+++ DATA

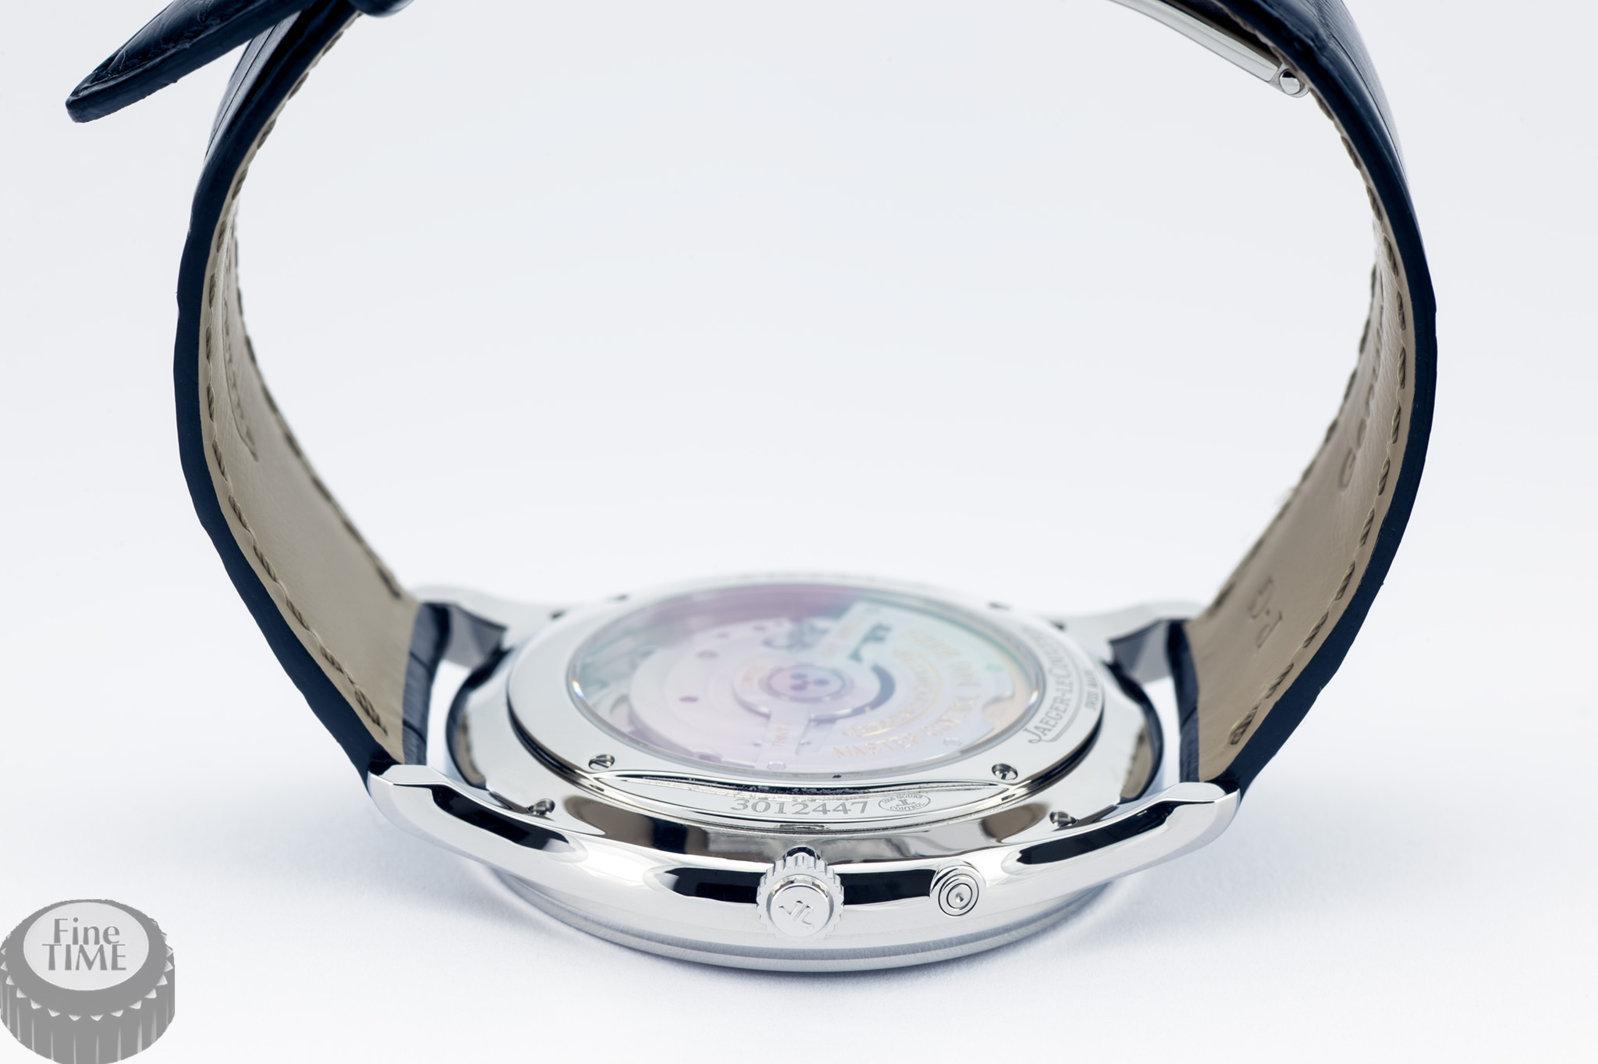 jaeger-lecoultre-master-ultra-thin-moon-39-1368420-05.jpg
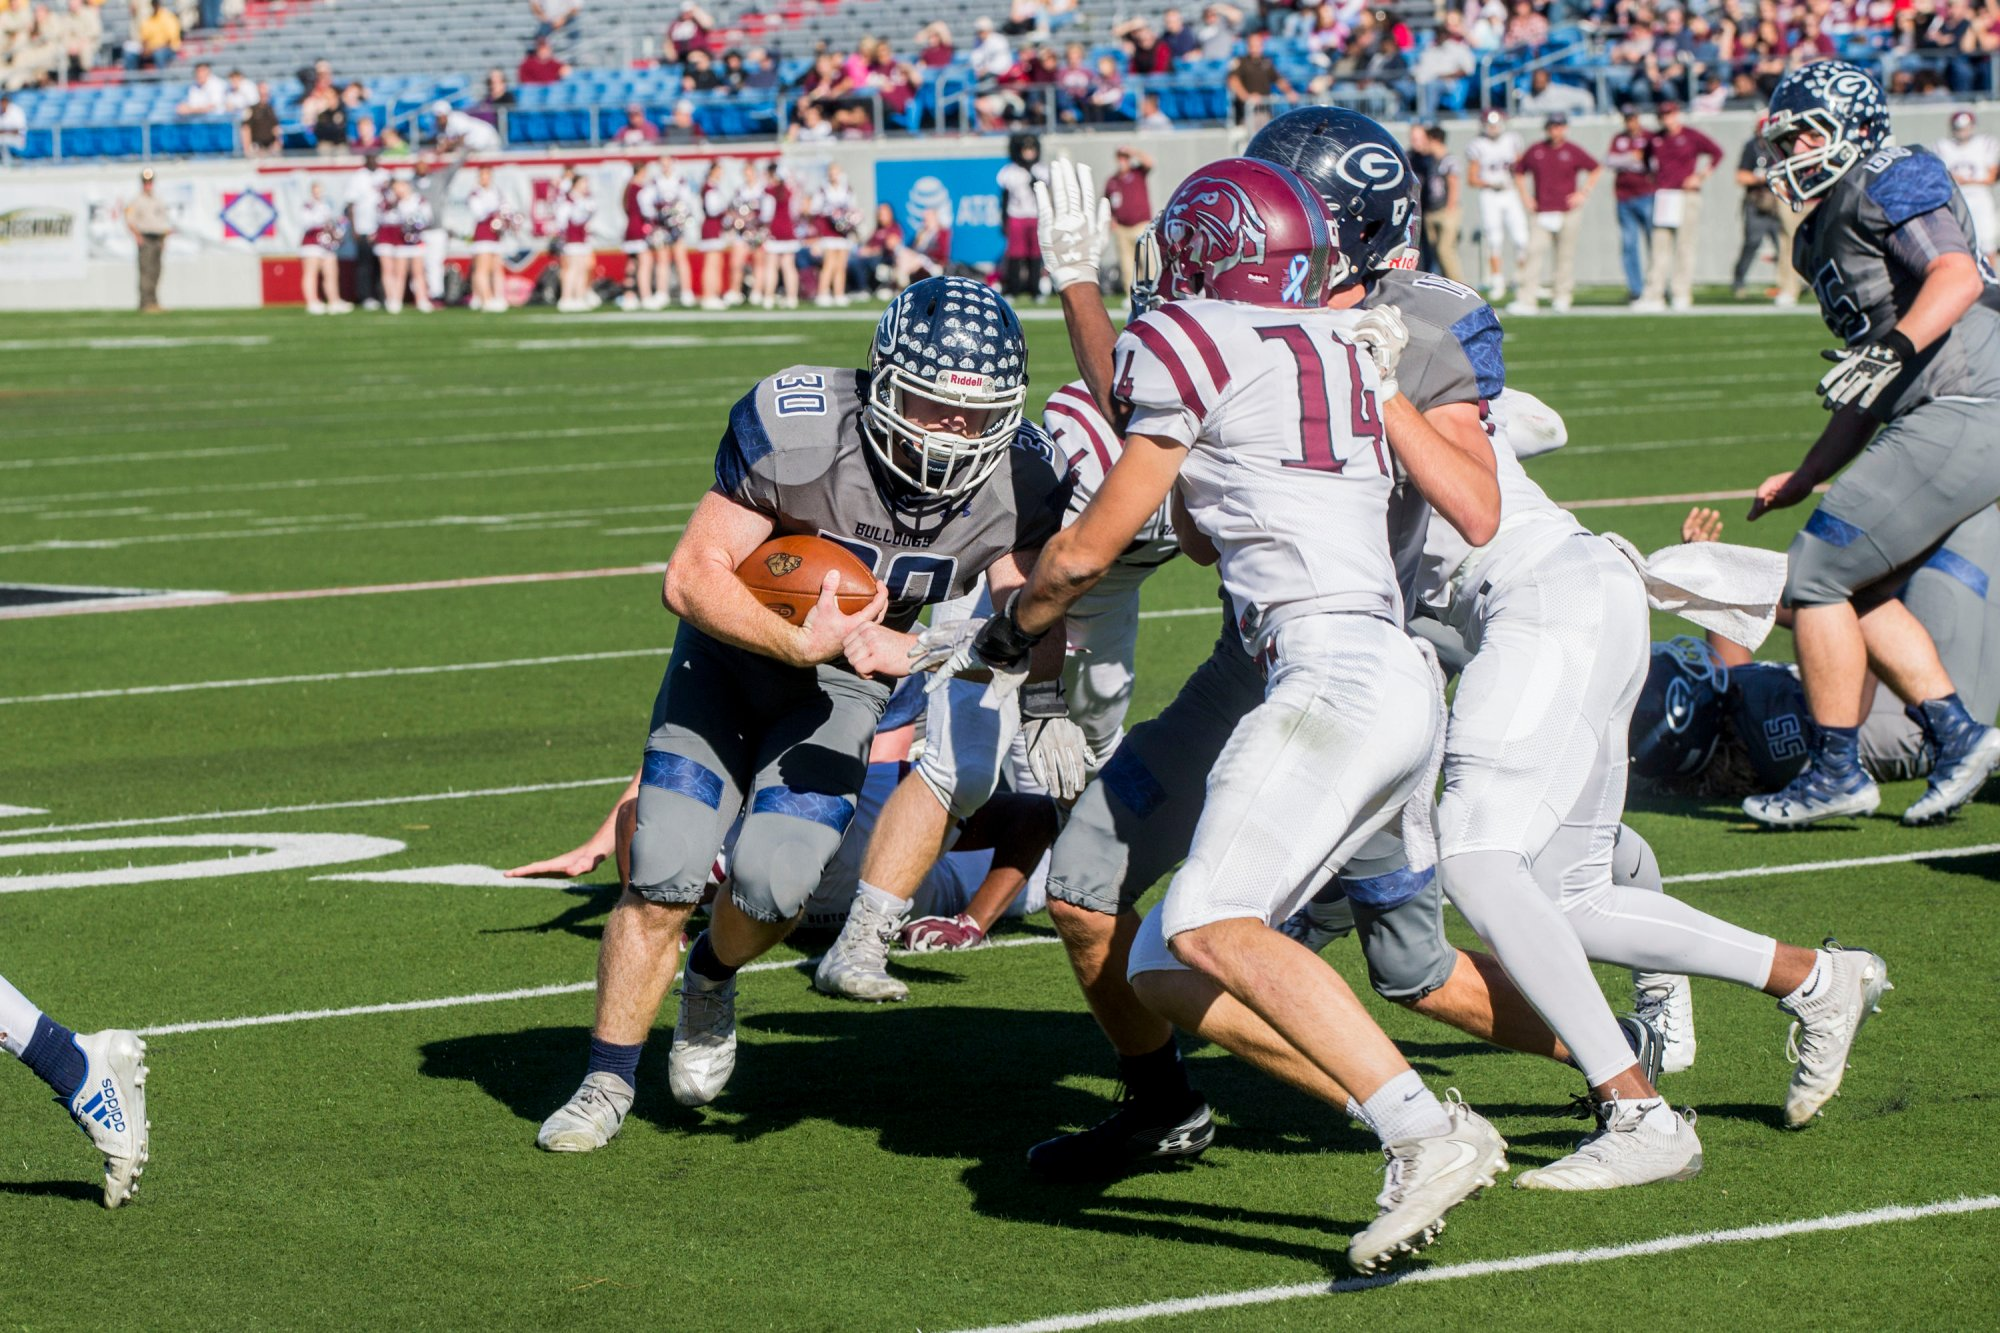 Greenwood v Benton 1st half photos
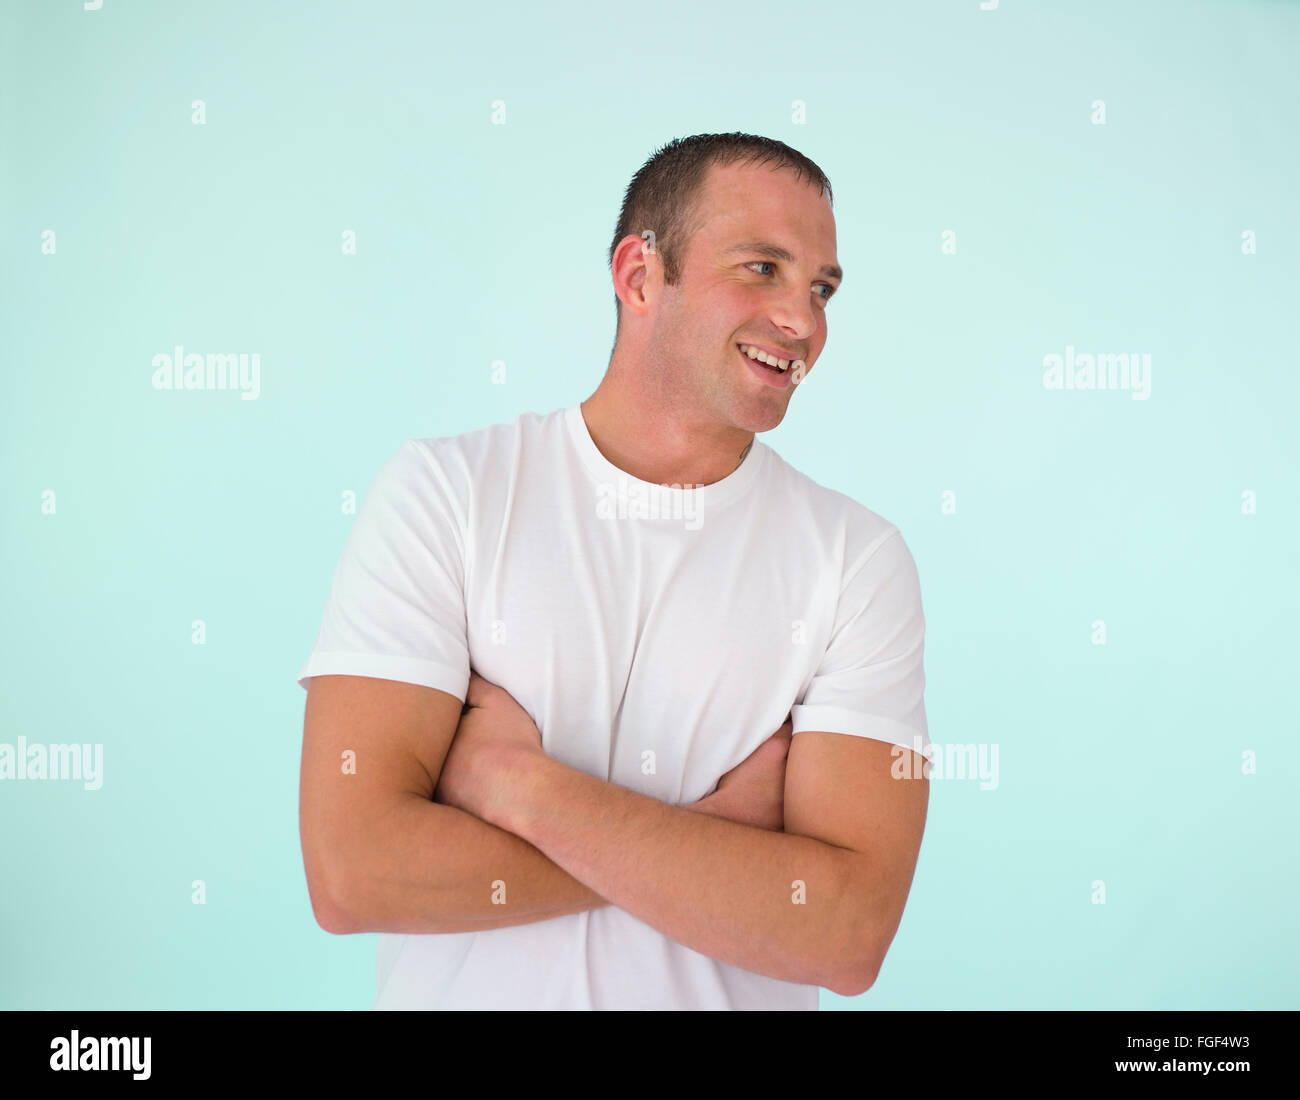 Mann mit verschränkten Armen, Lächeln Stockbild

++++++

Instruction for this listing: copy it exactly, but leave the images behind.

#### [OUTPUT OF THE EXERCISE]
 jaeger-lecoultre-master-ultra-thin-moon-39-1368420-05.jpg
 Greenwood v Benton 1st half photos
 Mann mit verschränkten Armen, Lächeln Stockbild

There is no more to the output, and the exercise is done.